I have an AC circuit problem I need help with. At my mother's
boyfriend's house he has a furnace with air conditioner/heat pump
attached. When he bought the house natural gas prices were lower then
electricity and he had the heat pump disconnected but there still is a
flow shutoff valve attached to the air conditioner/heat pump that is
operated by a solenoid. The solenoid is normally energized but the
voltage suppied to it exceeds the normal recommended operating voltage
and gets very hot. The unit is an ALCO Controls, Coil Type DMG, 24
volts, 7 watts, 50 - 60 Hz. The computer in the furnace is supplying 26
to 28 volts.

What I would like to do is attach a power resistor to reduce the
voltage. The assumption I would like to make is the highest voltage to
the solenoid would be 30 volts. The solenoid will activate at as low of
a voltage as 17 volts. I would like to add a resistor that will take
the 30 volts and reduce the voltage to 24 volts.

How do I go about computing the value for the resistor? Is there a
better way of going about this than using a resistor?

FYI: The reason the voltage is so high is the line voltage is 133 to
138 volts. It is then stepped down by a transformer. The secondary
output of the transformer is the passed through a relay, control by a
computer, to the solenoid.

Thanks In Adavnce,
Derek


You find the value of the resistor by first calculating the current drawn
by the
solenoid.
I = P/V
I = 7W/24V = .3A

You can also calculate the impedance of the solenoid's coil.
Z = V/I
Z = 24V/.3A = 80 ohms

Now, calculate the voltage that the resistor needs to drop.
V = Vsupply - Vsolenoid
V = 28 - 24 = 4V

Now, using these two values, calculate the resistor value.
R = V/I
R = 4V/.3A = 13.33 Ohms (a close standard value would be 12 ohms)

Calculate the power that the resistor will dissipate.
P = VI
P = 4V * .3A = 1.2 Watts
Always add a safety factor of at least 2 on the power rating, giving us a
resistor power rating of at least 2.4 Watts.
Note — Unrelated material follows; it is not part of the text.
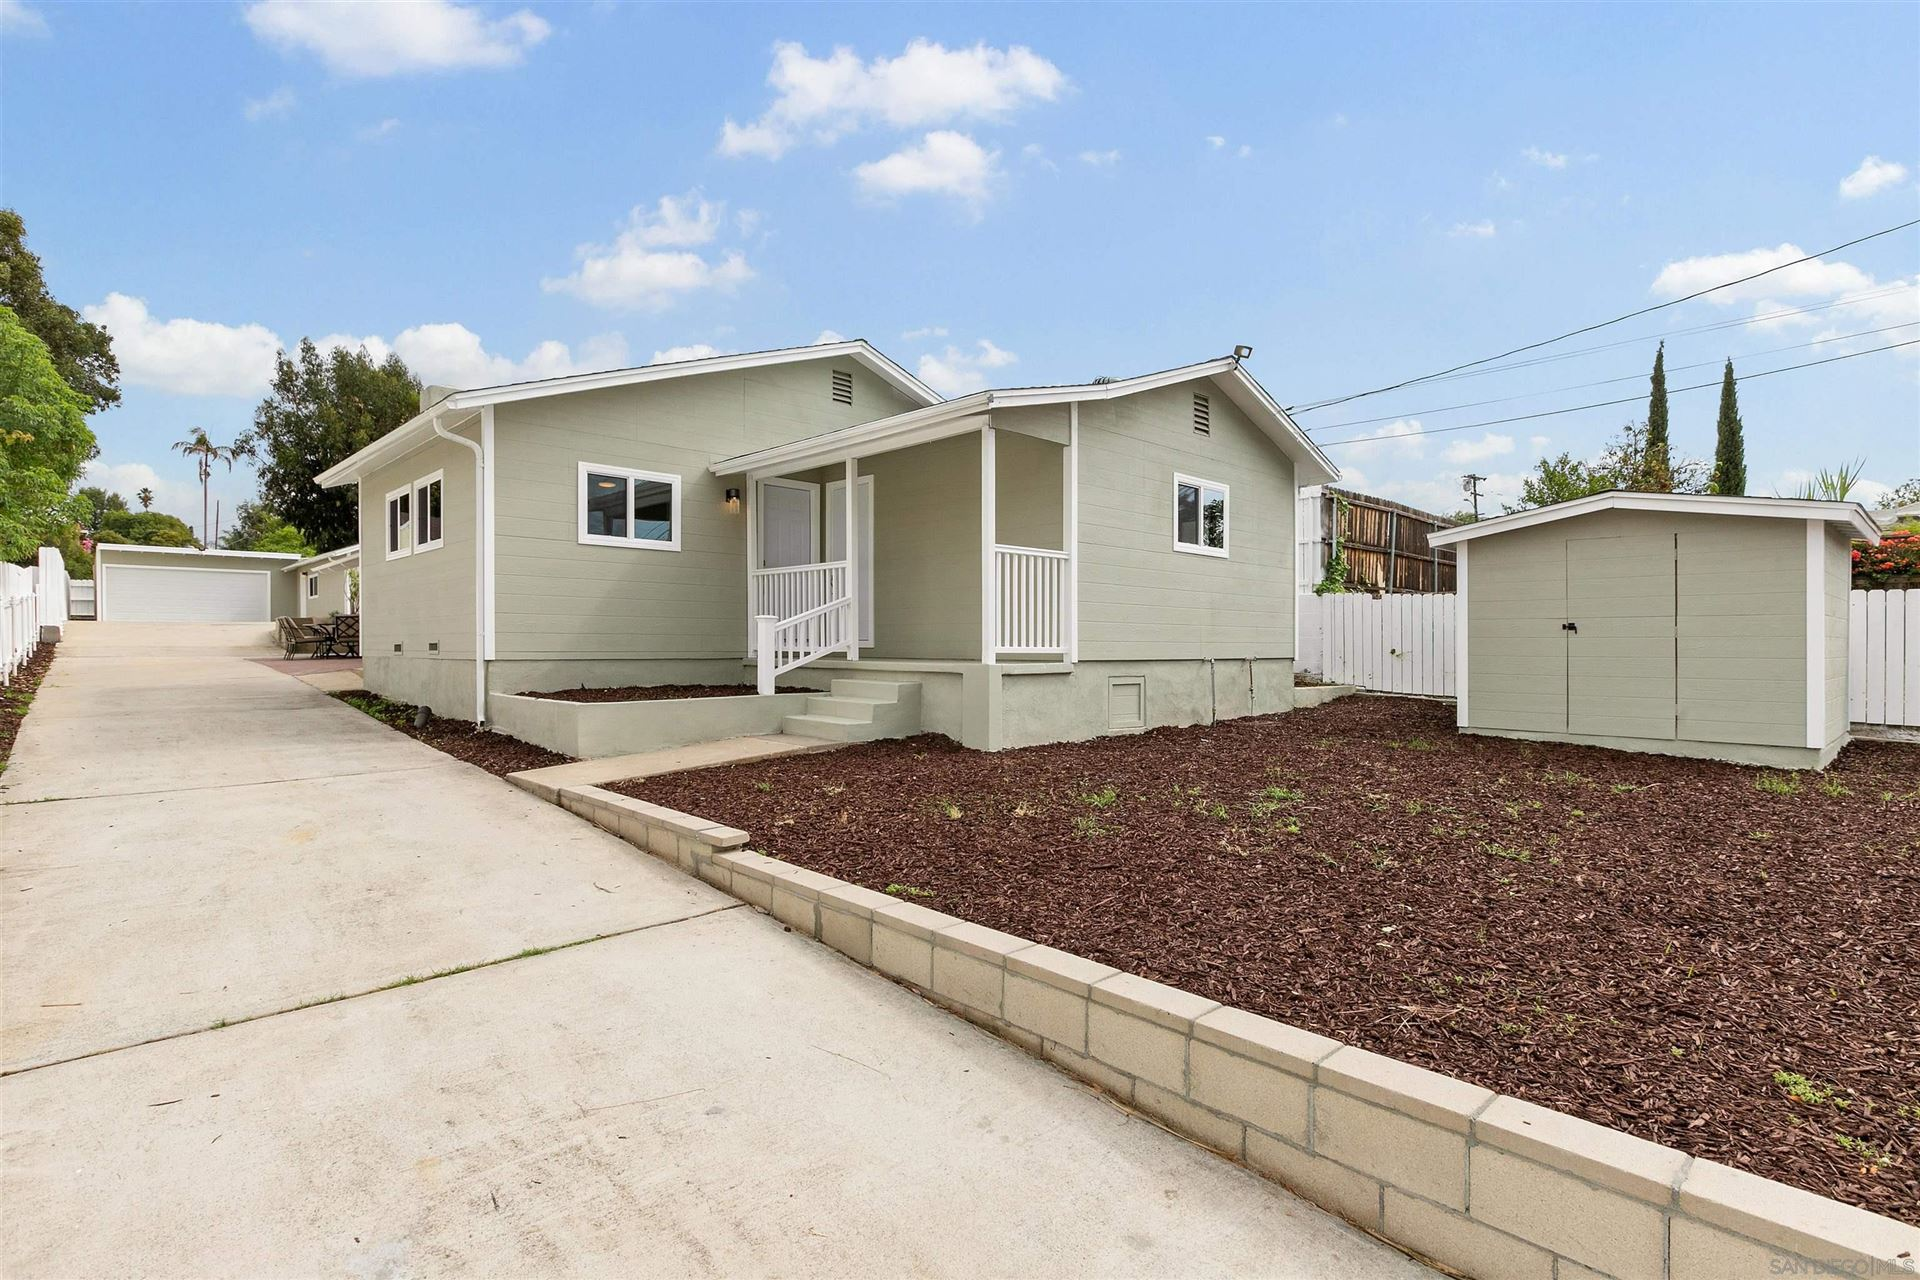 Photo of 4807 Parks Ave, La Mesa, CA 91942 (MLS # 210028391)

A standard wattage rating
for
power resistors is 3W or 5W.

Putting all this together results in a 12 Ohm/5 Watt resistor.

You can deviate from these values a bit if you need... i.e., rework the
figures
to further reduce the solenoid voltage.


If this were DC, that would be the right way to calculate this, however, he
is dealing with AC. The problem here is that the impedance of the coil is
largely resistive *and* inductive. To make things worse, the inductance will
change, likely a lot when the plunger is in vs. out. Since when the plunger
is out, the magnetic path would have a much larger air gap, and thus making
the resistance of the coil more dominant, and when the plunger is in, the
air path for the magnetic field is much less, and therefore it's inductance
is much higher. The problem comes when the plunger needs to pull in, the
impedance of the coil is at a minimum, causing a higher dissipation in the
resistor, and a much weaker then expected magnetic field in the coil. When
the plunger is in, the impedance increases, dropping the current, and
increasing the voltage. Simply said, adding a series resistor can cause the
plunger to not pull in, and/or keep the power dissipation in the coil high.
I quickly figured out this a long time ago when I wired two contactors with
120V coils in series on a 240V supply. Only 1 contactor would reliably pull
in!